Tarihten 5 tuhaf tıbbi teknik

Bu Gündemde, geçen günlerde yaygın olan beş olağandışı - ve oldukça tatsız - tedaviyi ele alıyoruz. Her biri kendi yolunda korkunç olsa da, bize ne kadar yol kat ettiğimizi hatırlatıyorlar.

Tıbbi bilgi zor kazanıldı.

Tıp bilimi, binlerce yıldır insan refahının koridorlarında hevesle koşturuyor.

Hastalıklara göğüs gerdiğimiz sürece kendimizi onlardan kurtarmak için girişimlerde bulunduk.

Güçlü bir aşı, derin düşünme ve şans üçlüsü tıp tarihinin gidişatını değiştirdi.

Bununla birlikte, yol boyunca korku, hatalar, garip kararlar ve vahşet de oldu.

Modern tıbba giden yol tamamen pürüzsüz olmadı, ancak sıkıcı da olmadı. Öyleyse, daha fazla uzatmadan, kana bulanmış bir anı şeridinde acı dolu bir gezintiye çıkalım.

1. Tütün dumanı lavmanı

1700'lerin sonlarında tütün, Amerika'dan İngiliz kıyılarına ulaşmaya başladı. Bununla birlikte, tütün dumanının lavman olarak kullanıldığında çok çeşitli rahatsızlıkları tedavi edebileceği fikri geldi. Adından da anlaşılacağı gibi, bir tütün dumanı lavmanı, kelimenin tam anlamıyla hastanın rektumuna duman üflemeyi içerir.

Sözde pipo içicisi London Medic, tekniği Thames Nehri'ne düşen ve boğulmak üzere olanlara uygulayacaktı. Tütün dumanı lavmanlarının hem hastayı içeriden ısıttığı hem de solunumu uyardığı düşünülüyordu.
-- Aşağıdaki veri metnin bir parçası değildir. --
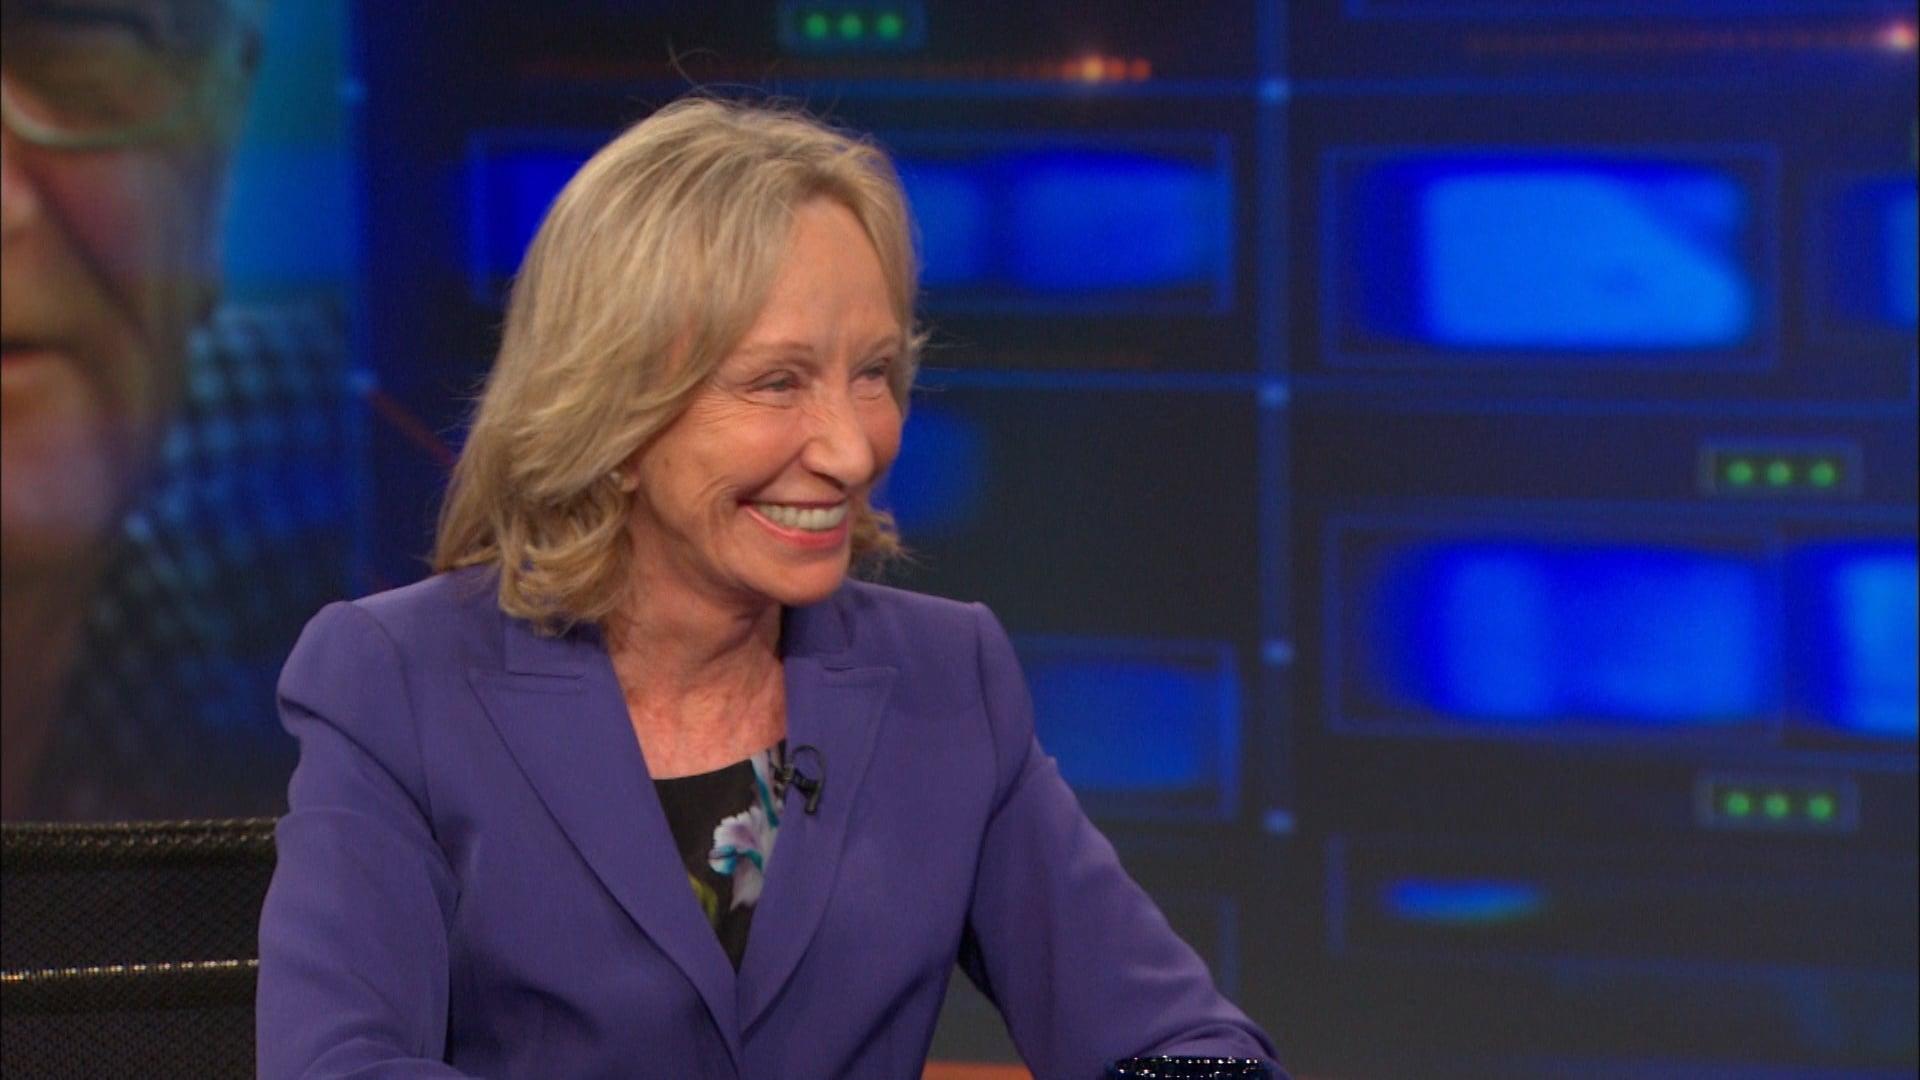 The Daily Show with Trevor Noah Season 20 :Episode 137  Doris Kearns Goodwin

Royal Human Society, nehrin belirli noktalarında tütün lavmanı yapmak için gerekli ekipman da dahil olmak üzere canlandırma kitleri bıraktı.

1746'dan özellikle bir grafik açıklama, Neşter. "Bir erkeğin karısı görünüşte ölü olarak sudan çekildi" diyor.
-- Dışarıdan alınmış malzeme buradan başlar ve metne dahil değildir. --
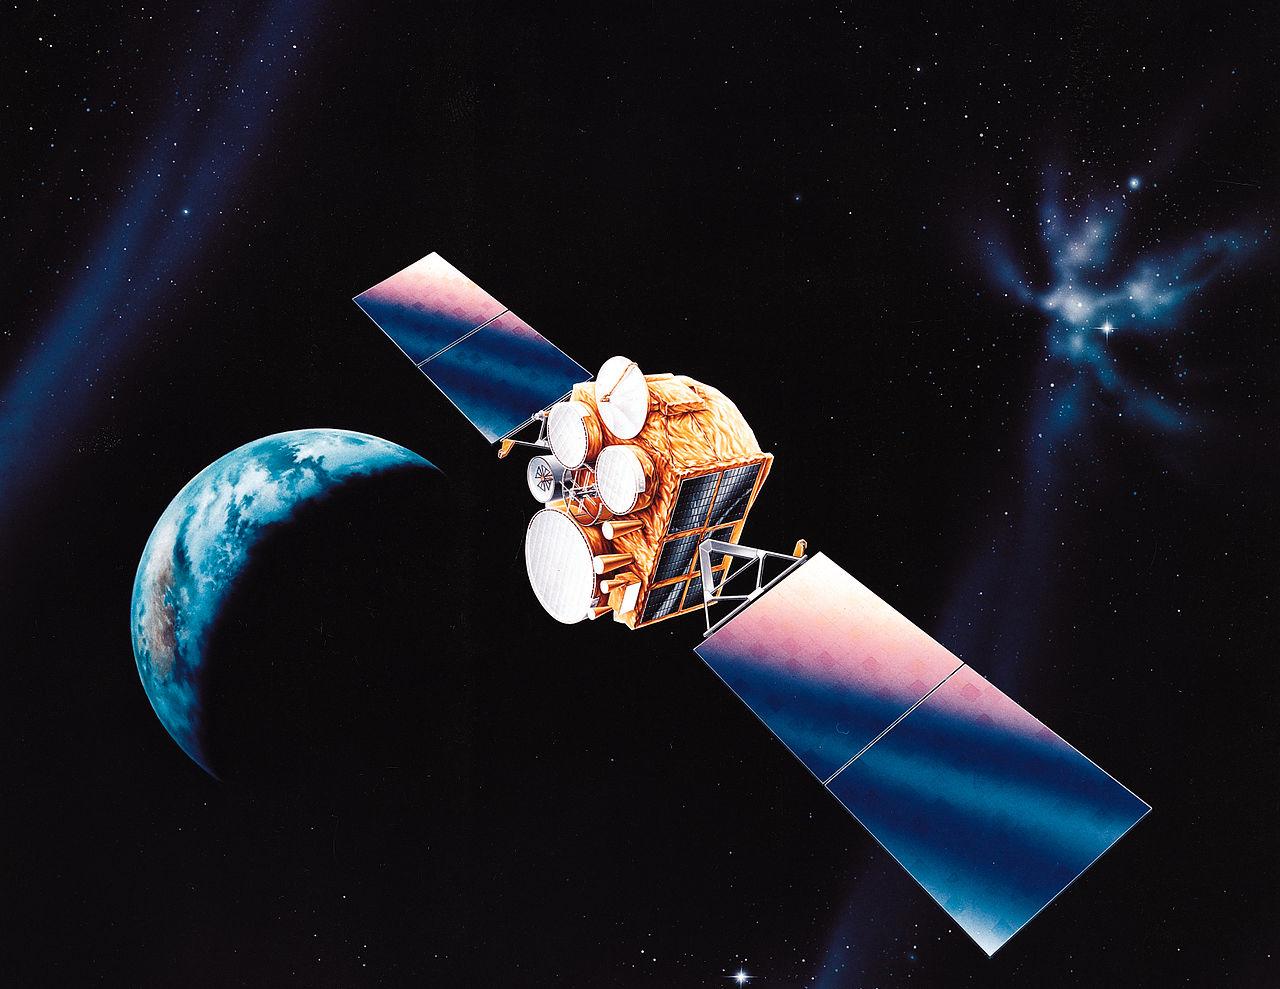 Modell eines modernen Kommunikationssatelliten

"Çok çelişkili tavsiyelerin ortasında, yoldan geçen bir denizci piposunu uzattı ve kocasına sapı karısının rektumuna sokması, kaseyi delikli bir kağıtla örtmesi ve" sertçe üfle "talimatını verdi. Kadın mucizevi bir şekilde canlandı."
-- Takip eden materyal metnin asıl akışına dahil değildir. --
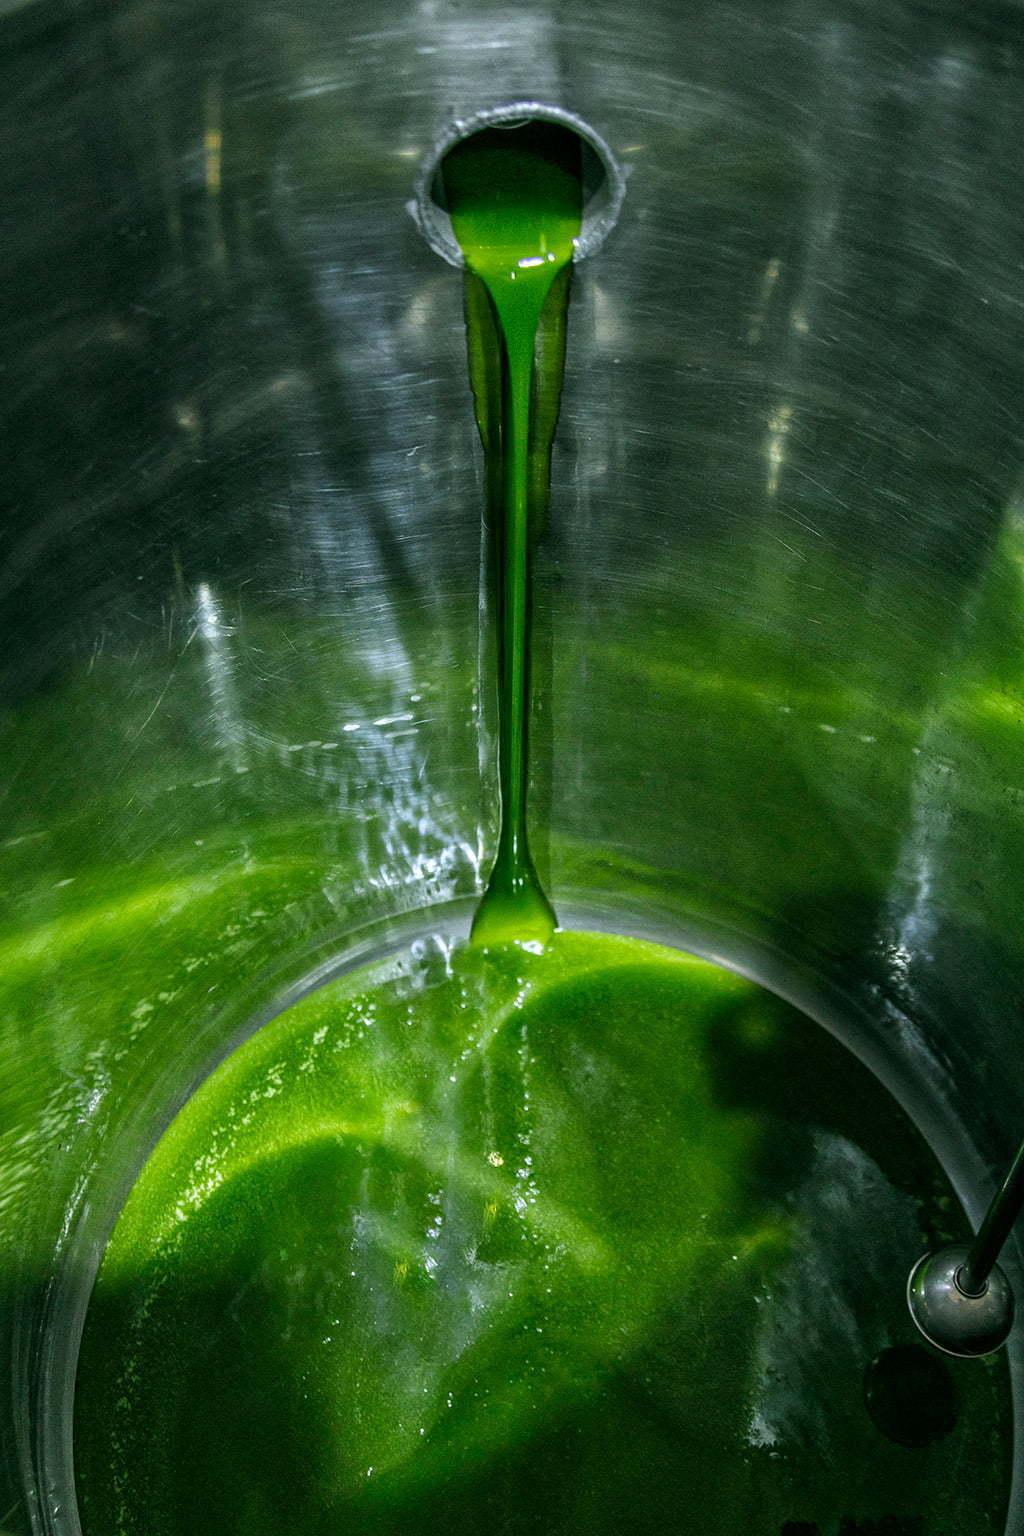 Fotografía corporativa para almazara de aceite de oliva

Yararları hızla yayıldı ve insanlar kısa süre sonra baş ağrısı ve karın kramplarından tifo ve koleraya kadar her şeyi tedavi etmek için tütün dumanı lavmanlarını kullanıyorlardı.

İnsanlar giderek daha ciddi hastalıkları tedavi etmek için tütün lavmanını kullandıkça, “sağlık görevlilerine” yönelik tehlike de arttı.

Örneğin, eğer bir uygulayıcı dışarı üflemek yerine yanlışlıkla nefes alırsa - belki de tütünün neden olduğu bir öksürük nöbeti sırasında - kolera kamçıları akciğerlerine geçebilir ve onlara ölümcül bir şekilde neden olabilir. Neyse ki, körüklerin piyasaya sürülmesi işi biraz daha az tehlikeli hale getirdi.

1800'lerin başında, tütünün kalbe zarar verdiği gösterildi ve tütün lavmanı neyse ki azalmaya başladı.

2. Dişlerin kesilmesi

Eskiden bebek ölümleri çok yüksekti; ve çoğu zaman, ölümün nedeni tamamen bilinmiyordu.

Diş çıkarma eskiden bugün olduğundan çok daha tehlikeli kabul edilirdi.

Çocuklar genellikle 6 aydan 2 yaşına kadar ölüyordu ve bu da tesadüfen ilk dişlerinin çıktığı sıralarda oluyordu.

Günün tıp beyinleri bunun basit bir tesadüf olmayabileceğini düşündüler, bu yüzden diş çıkarma sürecinin aynı zamanda bebek ölümünün nedeni olduğu sonucuna vardılar.

Örneğin 1839'da İngiltere ve Galler'de 5.000'den fazla ölüm diş çıkarmaya atfedildi. 1910'da bile bu rakam 1.600 idi.

Öyleyse, doktorlar diş çıkarmanın kötülükleriyle nasıl mücadele etti? Ne yazık ki, dahil olan çocuklar için, kanama, kabarma ve diş etlerine sülük yerleştirme gibi çok çeşitli müdahaleler geliştirdiler. Bazı durumlarda bebeğin başının arkasını bile yaktılar.

16. yüzyılda, Fransız cerrah Ambroise Paré (1510–1590) diş eti lansmanını başlattı ve bu tercih edilen yöntem haline geldi. Yayınlanan bir makale Neşter bebeğin diş etlerinin ne kadar popüler hale geldiğini açıklıyor:

“John Hunter (1728-93) bir bebeğin diş etlerini '10 defaya kadar' mızraklayacaktı. J Marion Sims (1813-83) 18 aylık bir bebek olan ilk hastasını tedavi etti: diş etleri, hemen neşterimi çıkarıp diş etlerini dişlere kadar kestim. '"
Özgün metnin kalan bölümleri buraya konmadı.